===== Exercise inputs =====
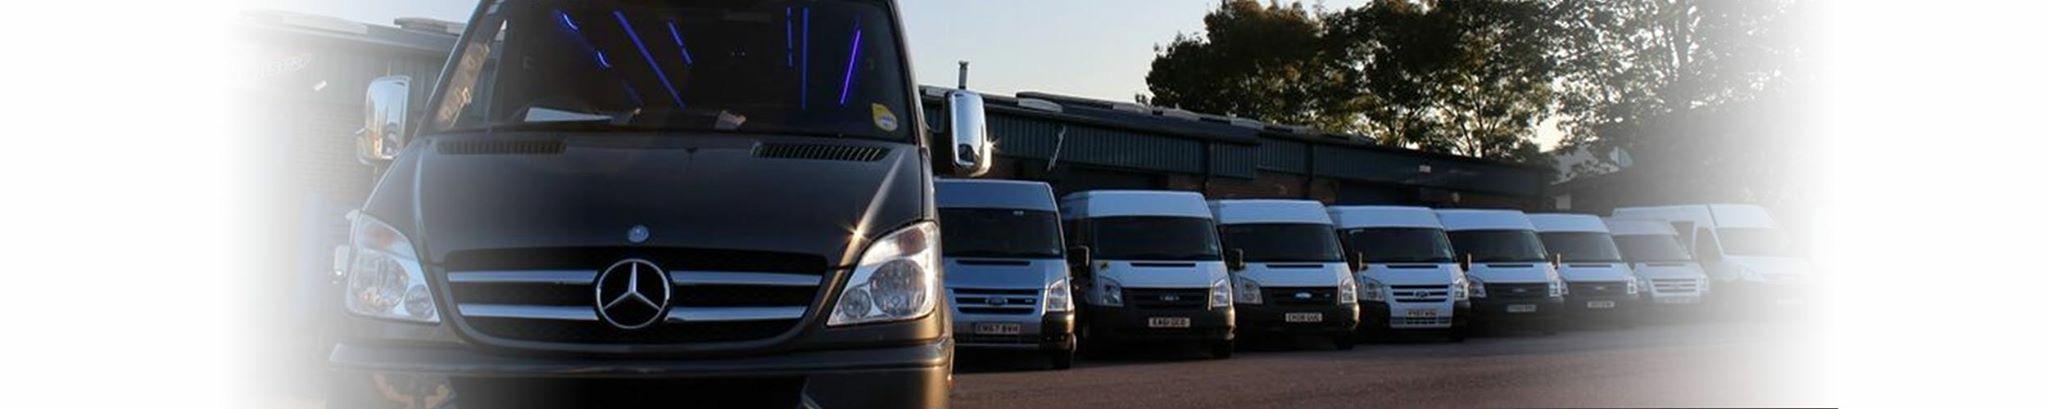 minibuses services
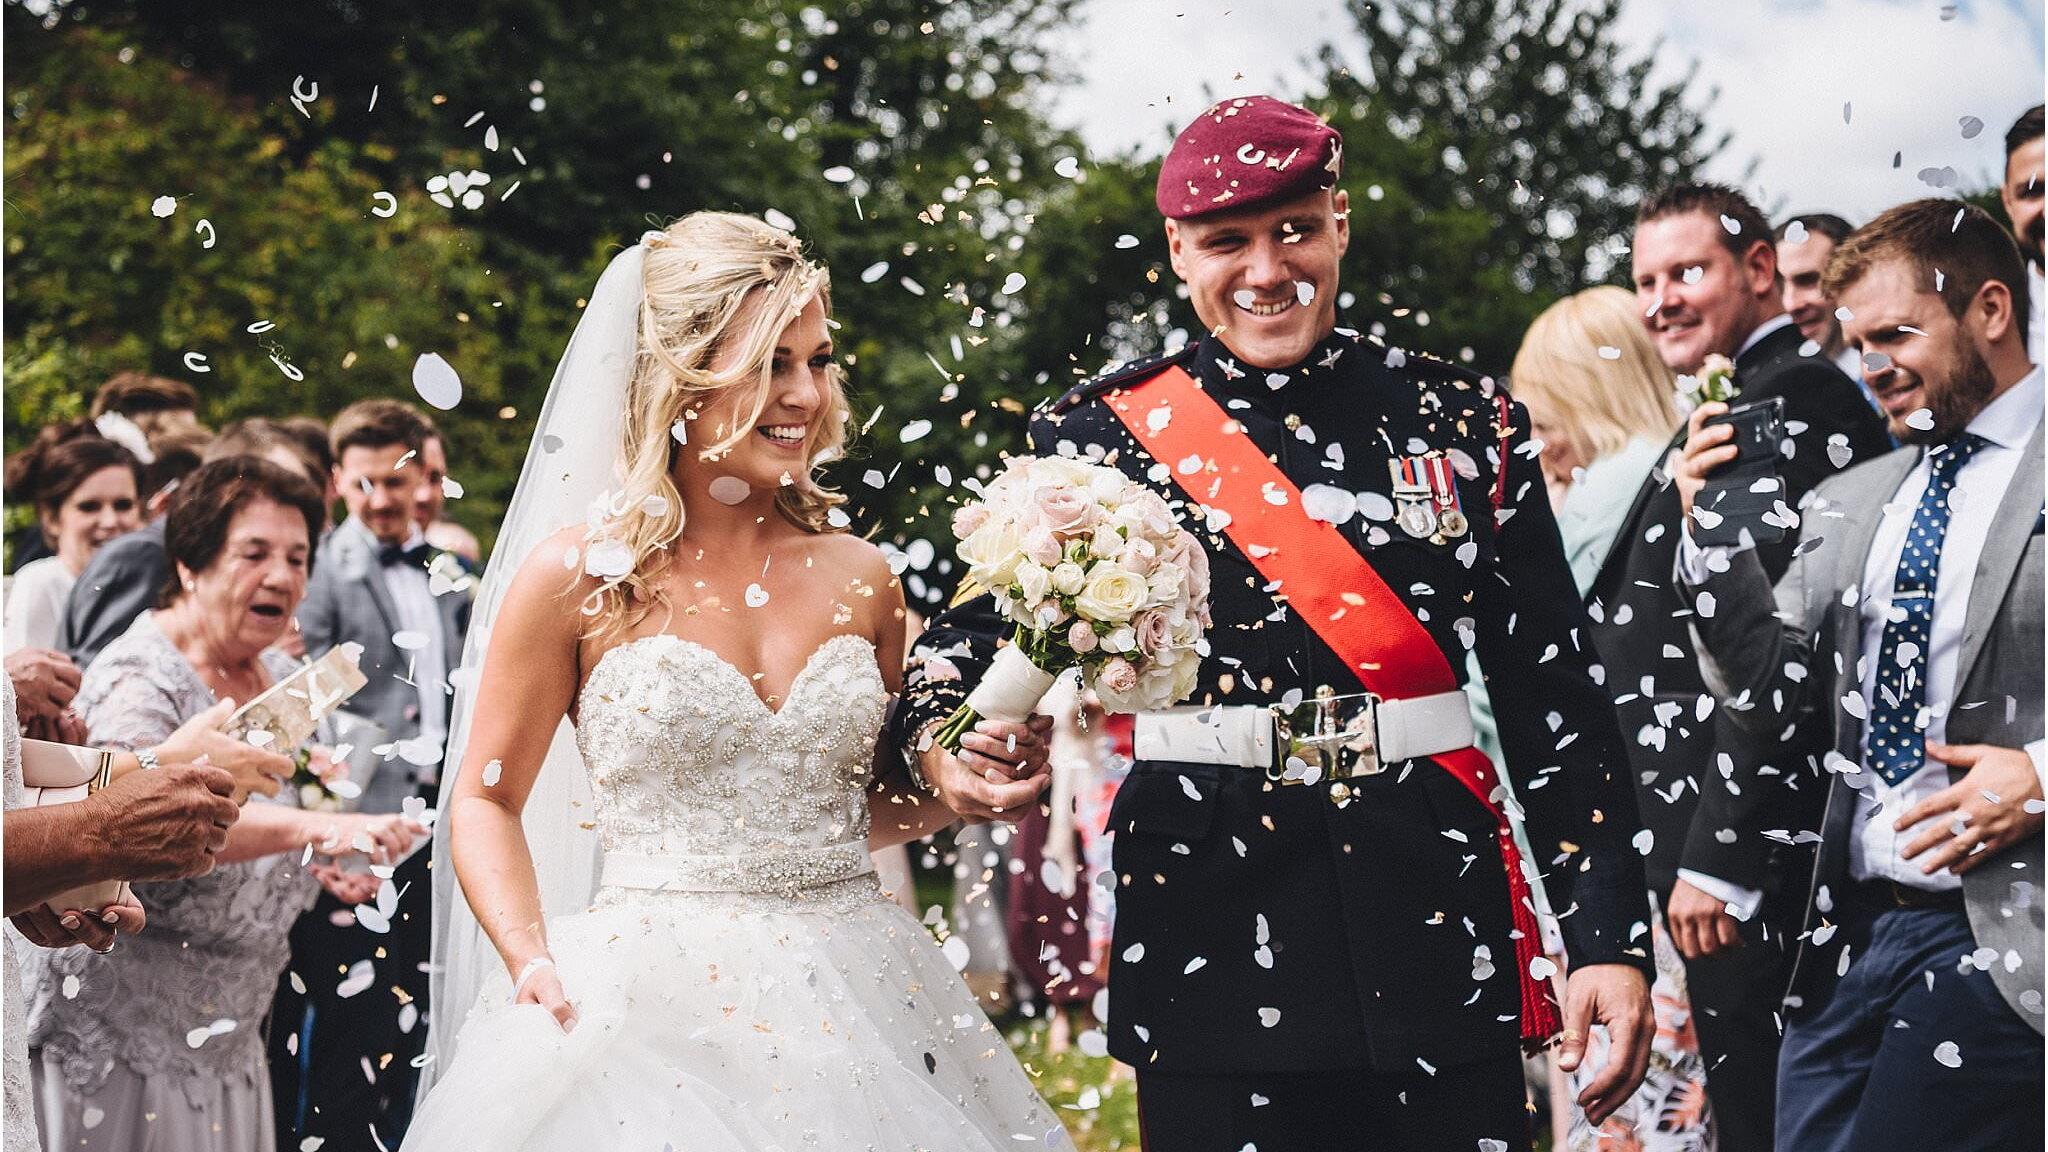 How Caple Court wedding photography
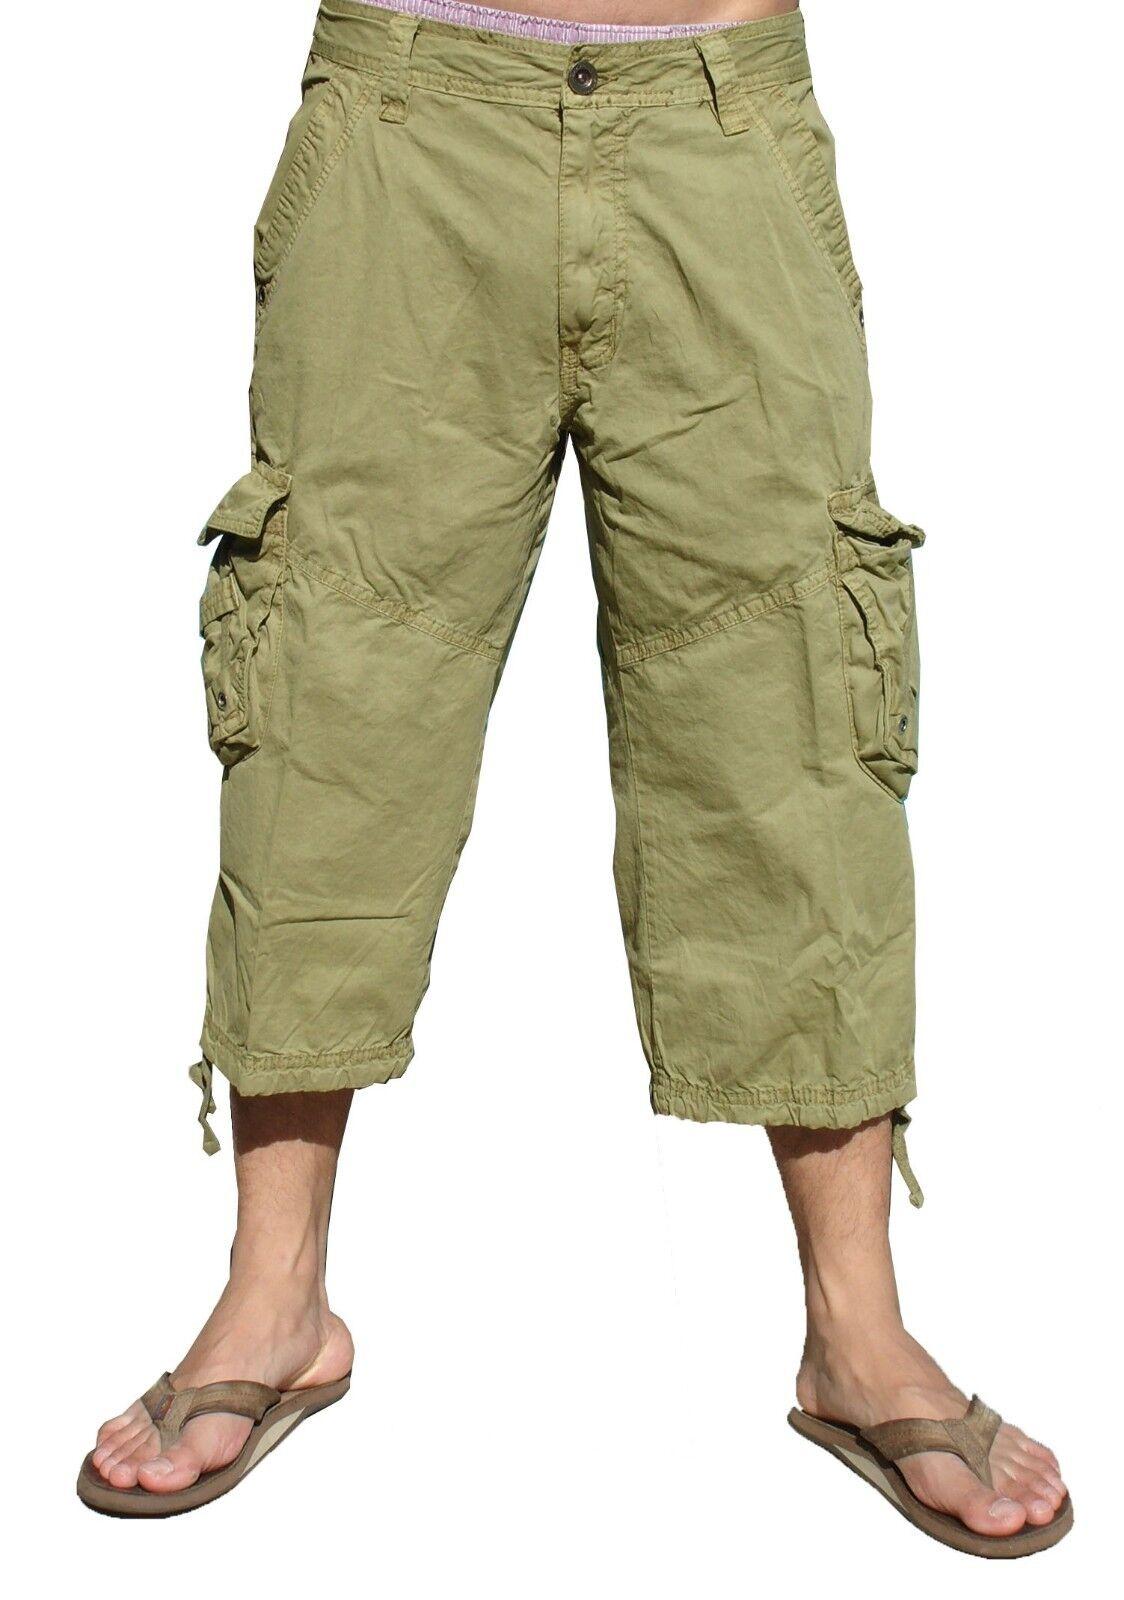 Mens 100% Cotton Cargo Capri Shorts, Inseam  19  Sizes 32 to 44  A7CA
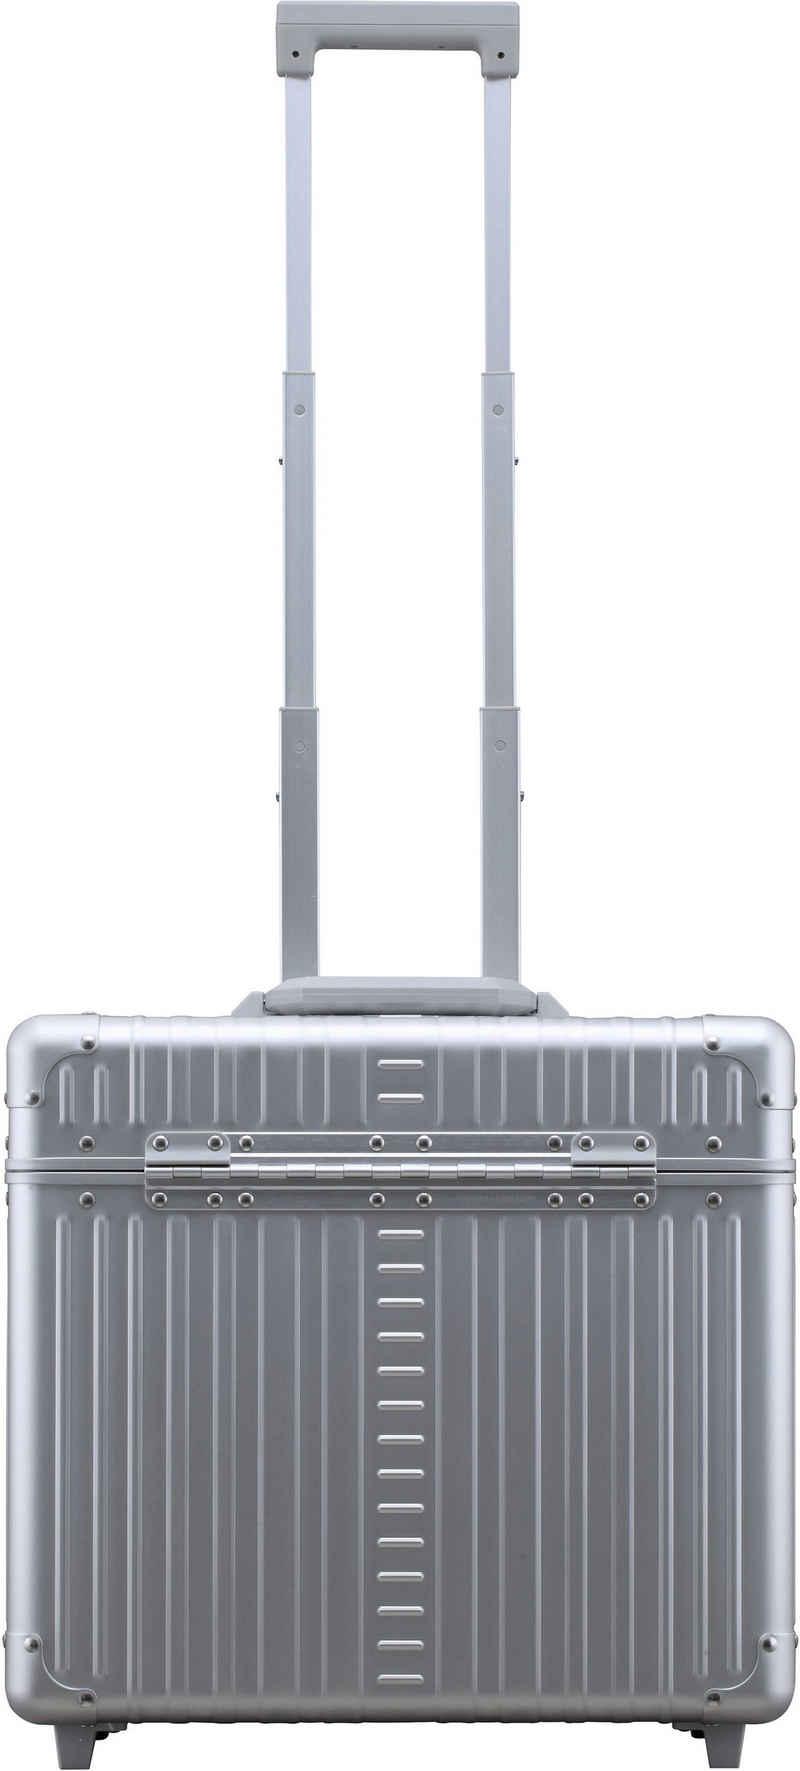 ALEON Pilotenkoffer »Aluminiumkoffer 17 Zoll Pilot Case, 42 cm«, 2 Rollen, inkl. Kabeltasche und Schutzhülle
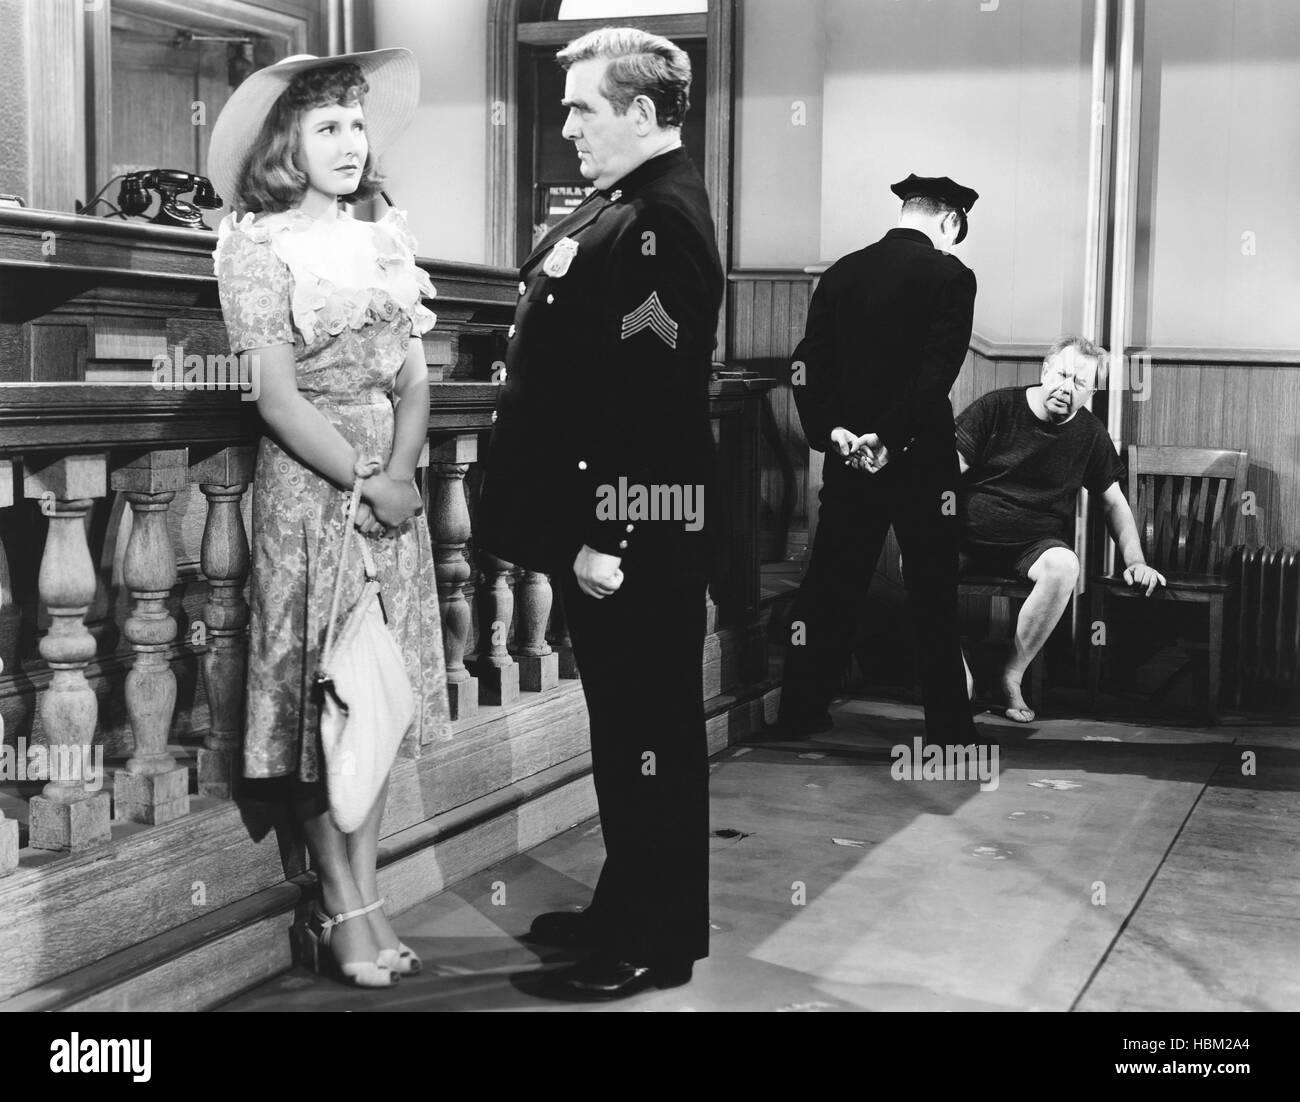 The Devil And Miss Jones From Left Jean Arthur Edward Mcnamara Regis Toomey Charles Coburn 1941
=====
Your answer must be an exact transcription of every entry, minus the pictures.

 minibuses services
 How Caple Court wedding photography
 Mens 100% Cotton Cargo Capri Shorts, Inseam  19  Sizes 32 to 44  A7CA
 ALEON Pilotenkoffer »Aluminiumkoffer 17 Zoll Pilot Case, 42 cm«, 2 Rollen, inkl. Kabeltasche und Schutzhülle
 The Devil And Miss Jones From Left Jean Arthur Edward Mcnamara Regis Toomey Charles Coburn 1941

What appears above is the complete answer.